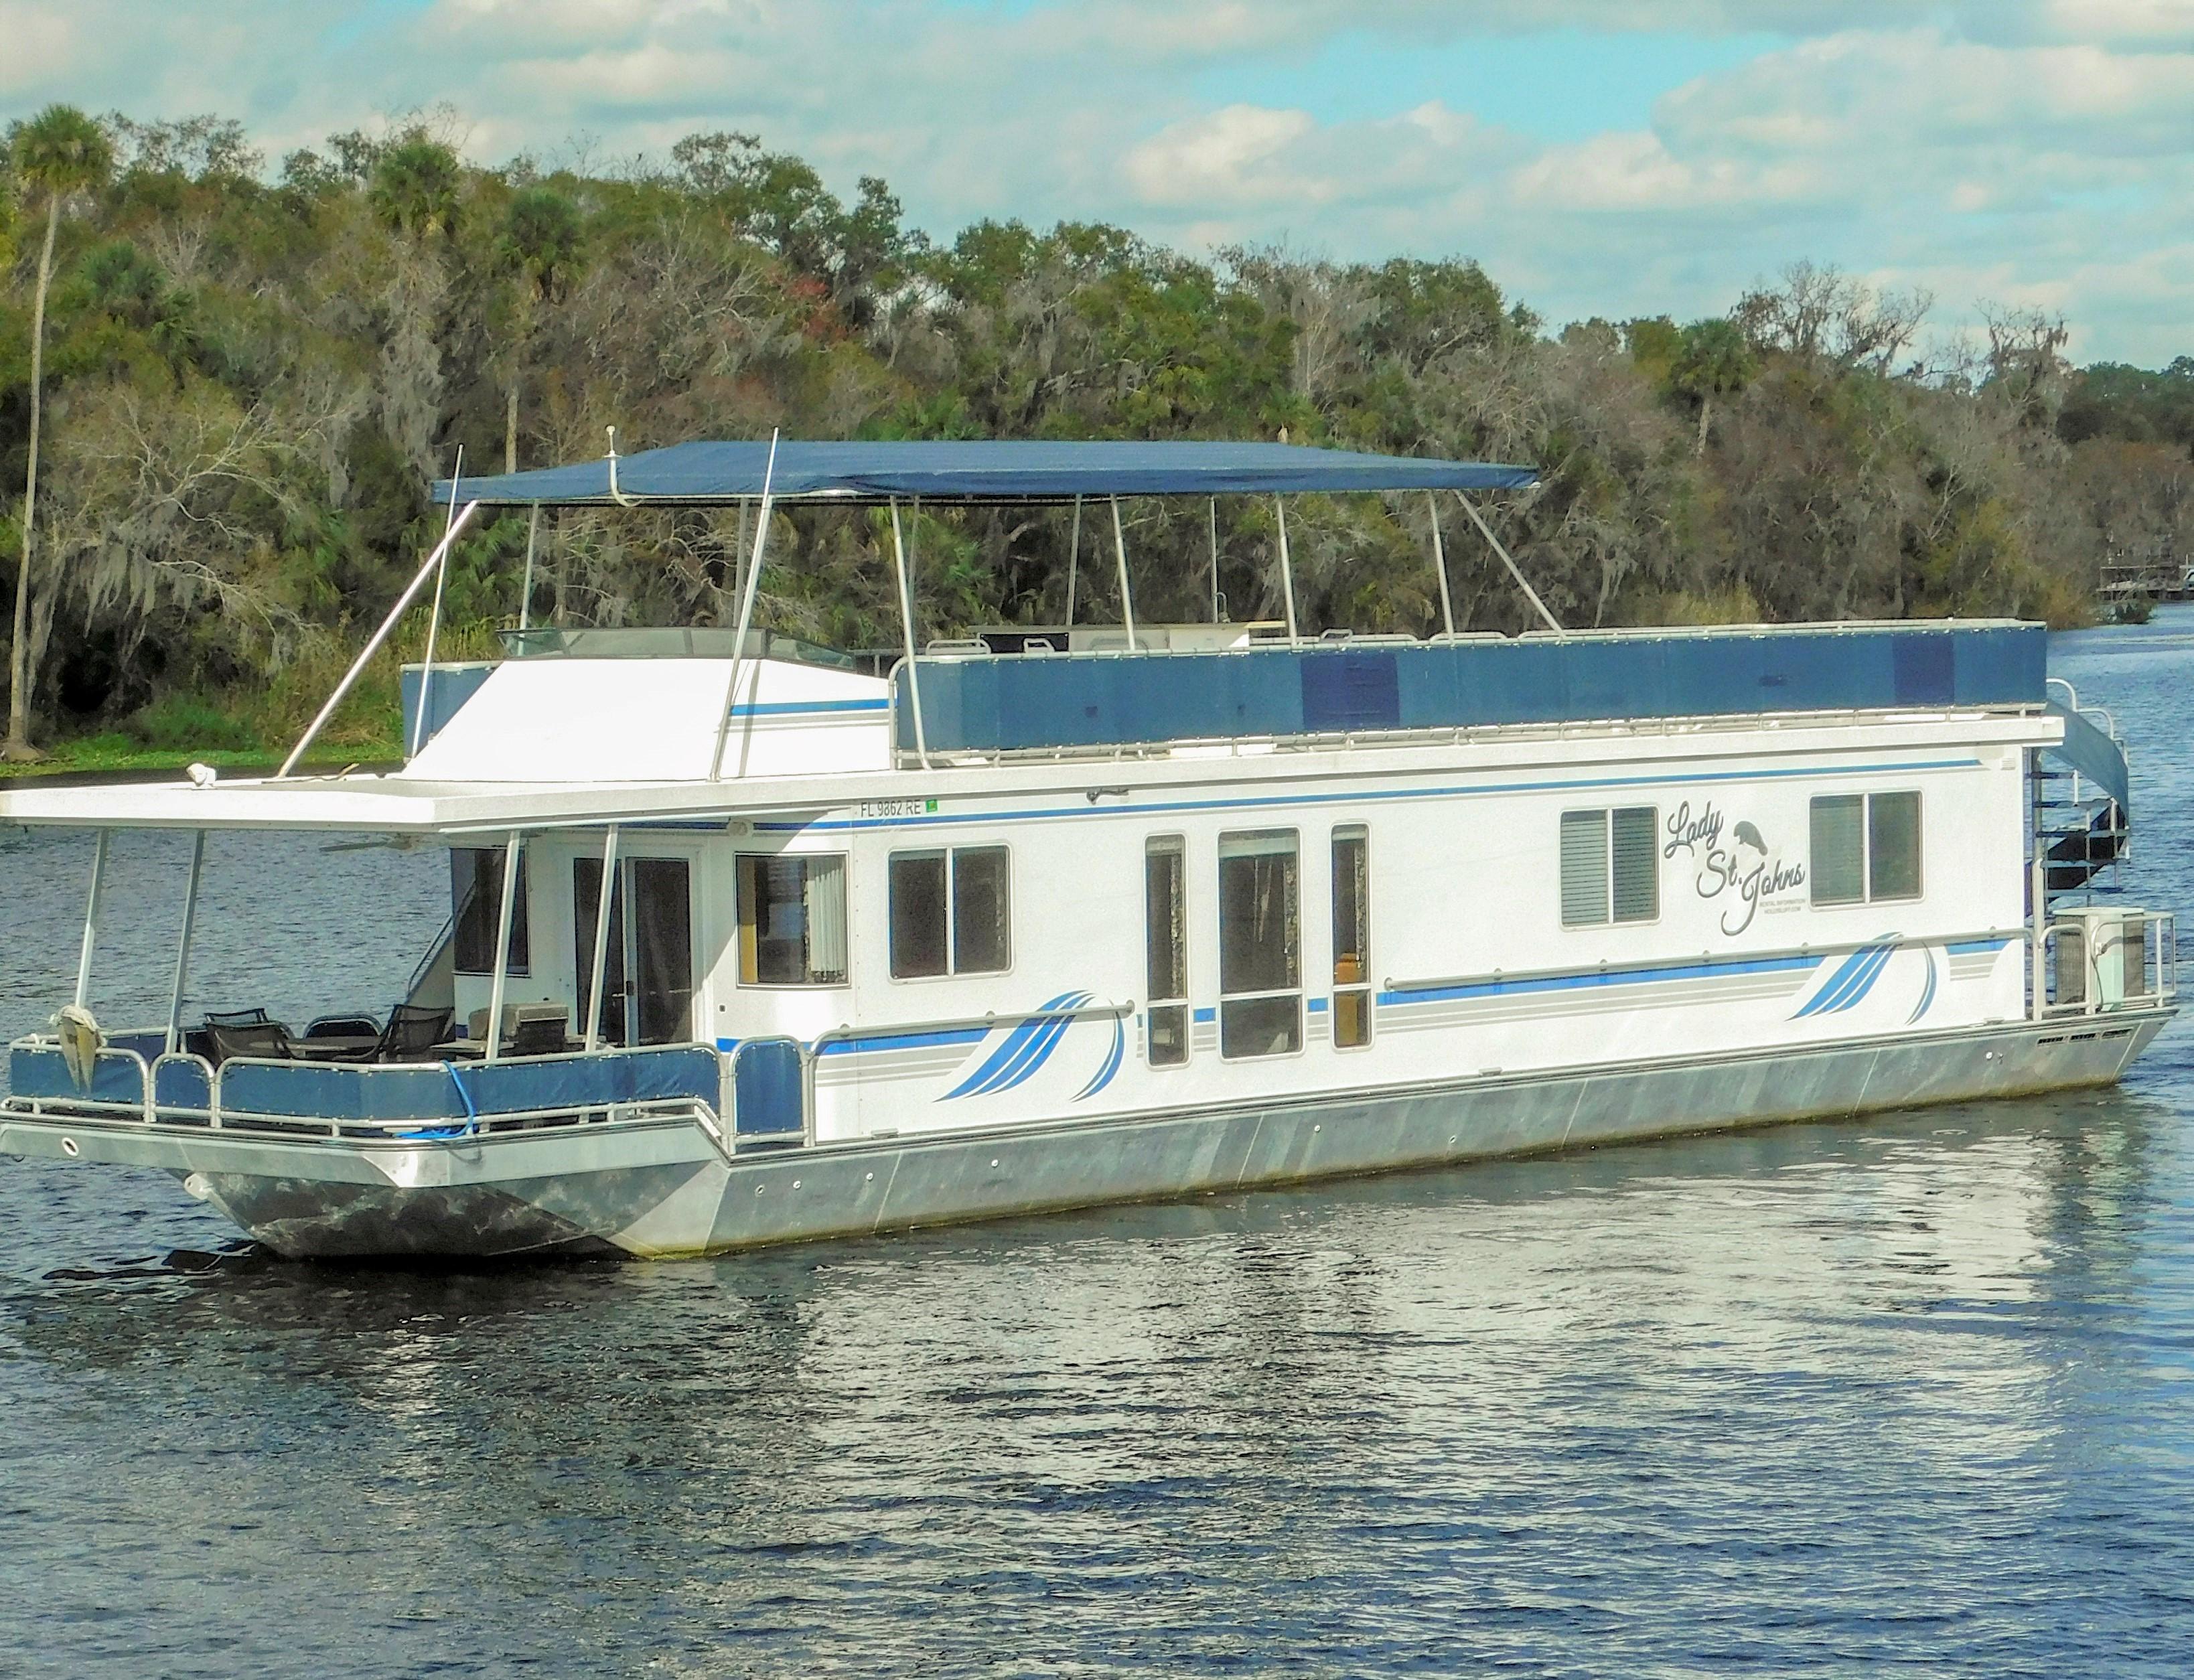 6′ 6 Sleeper Executive (Lady St. Johns) – Holly Bluff Marina
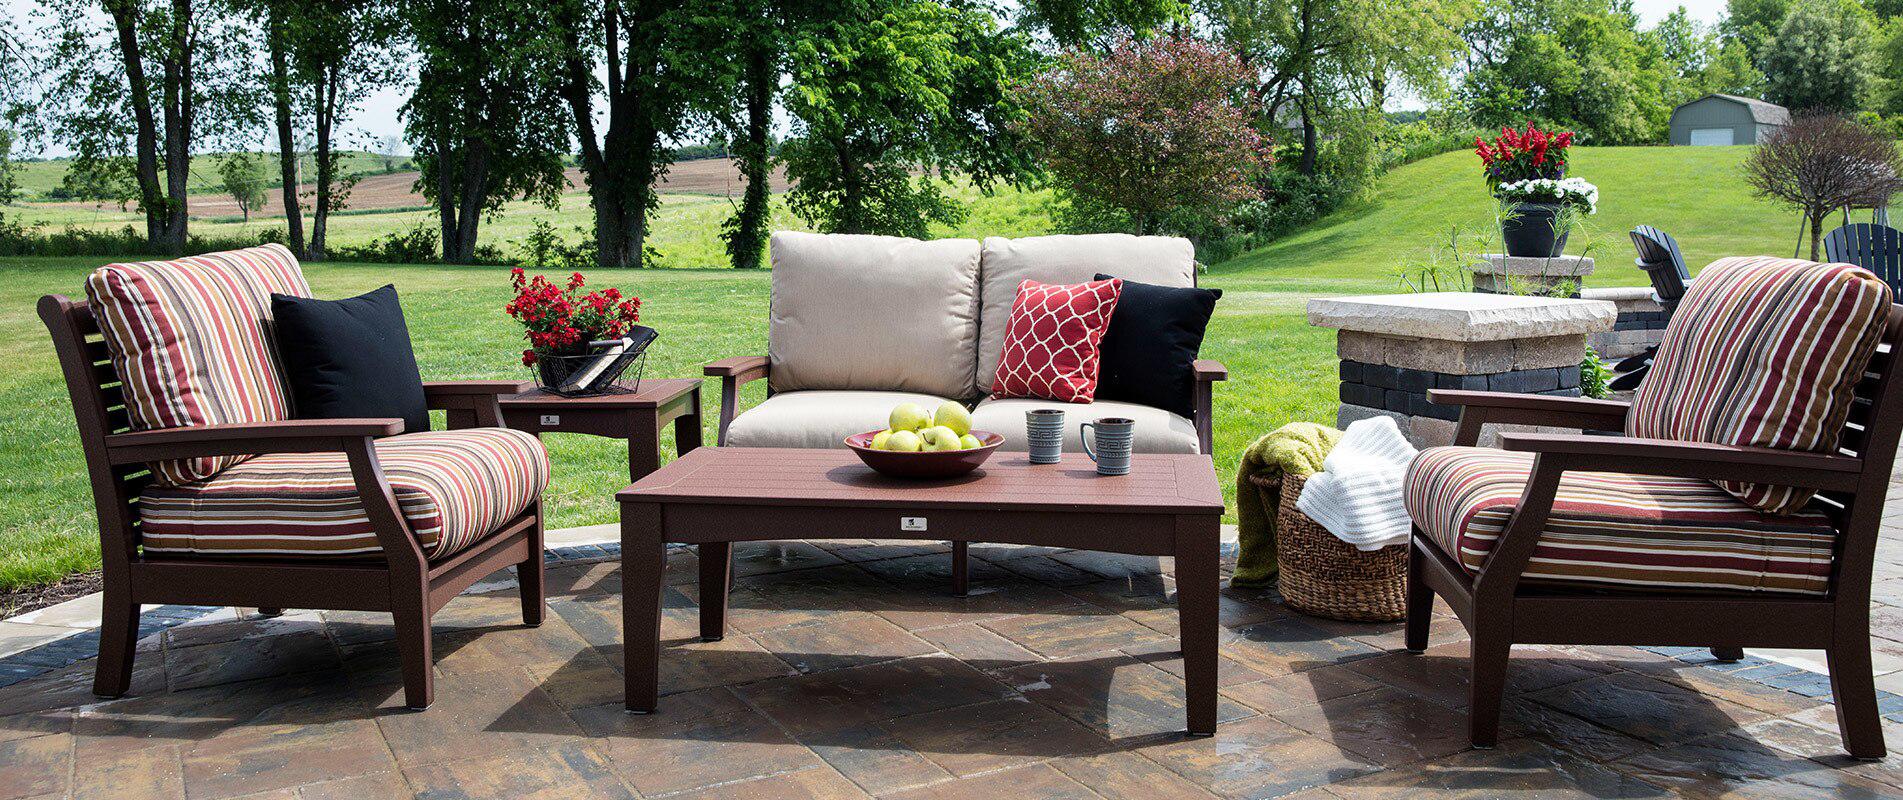 Outdoor Furniture Backyard Sheds Kauffman Lawn Furniture
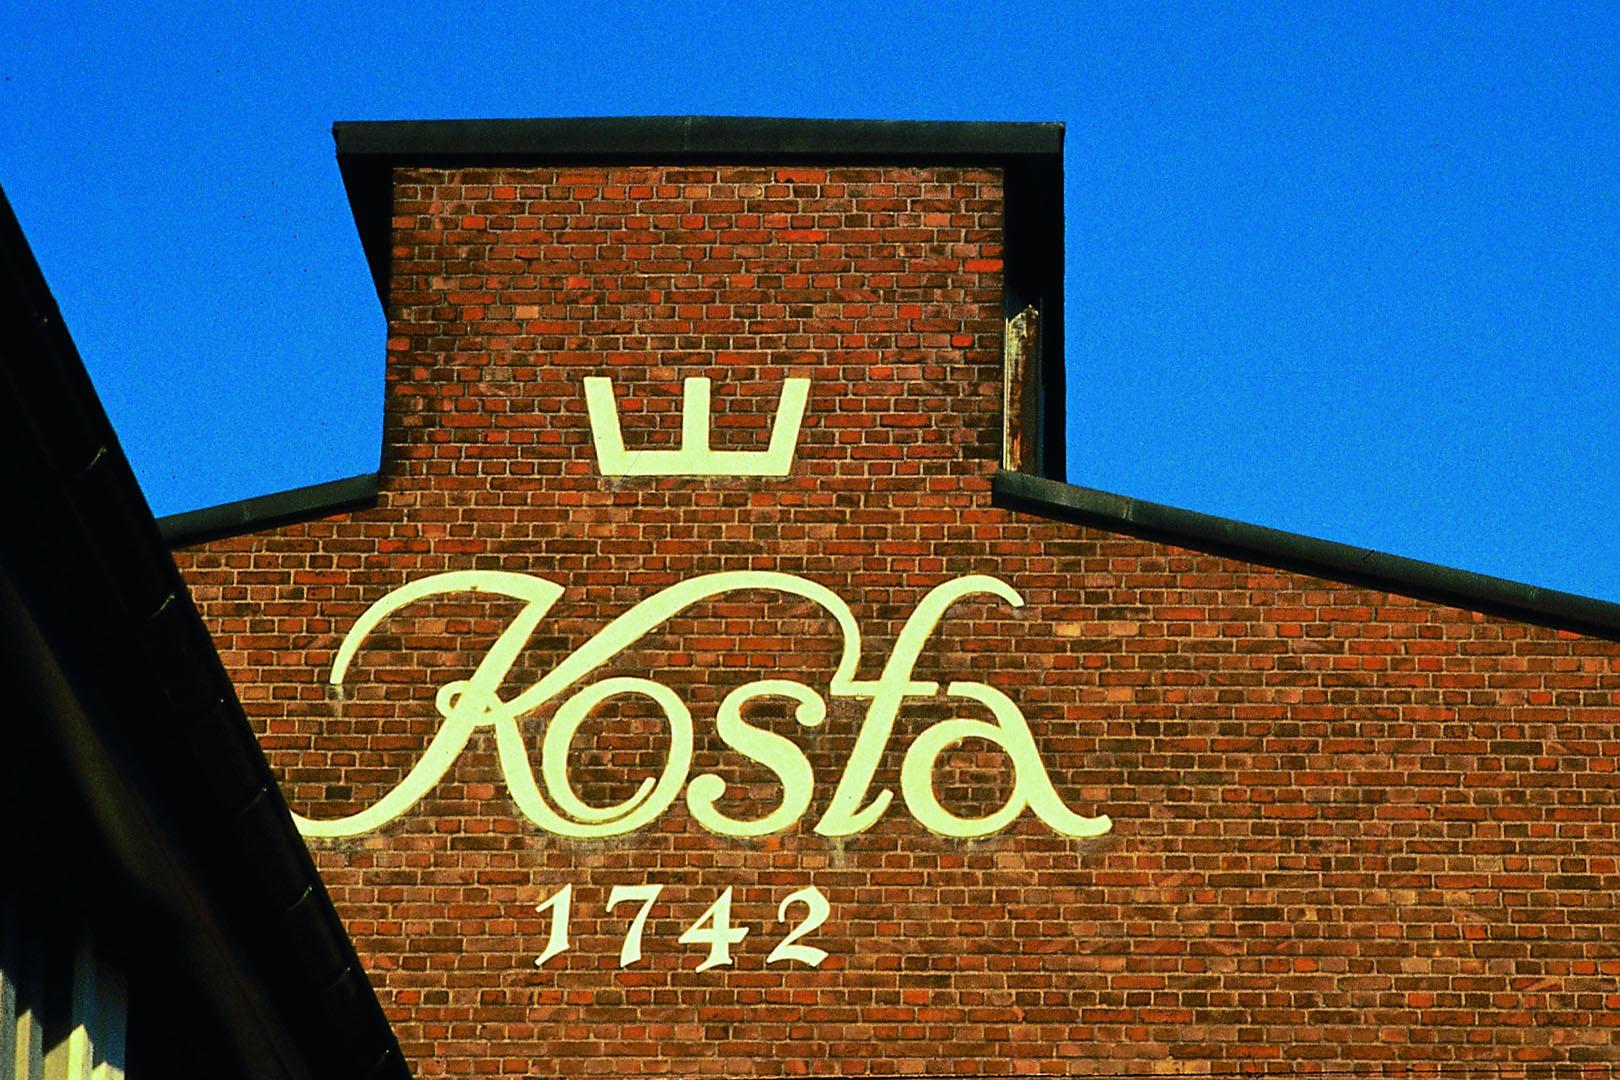 Kosta glassworks was founded in 1742
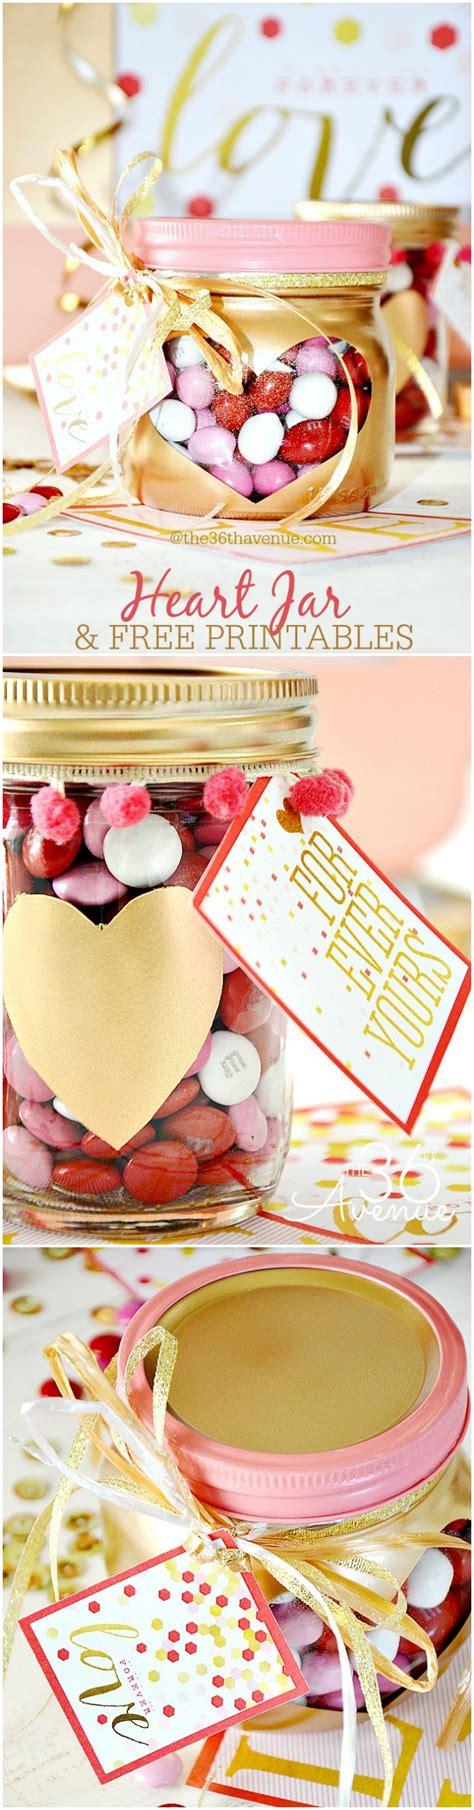 adorable valentine gift ideas the 36th avenue the 36th avenue valentine s day gift heart jars the

_ _ _ _

Leaving out the images, repeat the listing above exactly.

## Finished task
 6′ 6 Sleeper Executive (Lady St. Johns) – Holly Bluff Marina
 Outdoor Furniture Backyard Sheds Kauffman Lawn Furniture
 Kosta glassworks was founded in 1742
 adorable valentine gift ideas the 36th avenue the 36th avenue valentine s day gift heart jars the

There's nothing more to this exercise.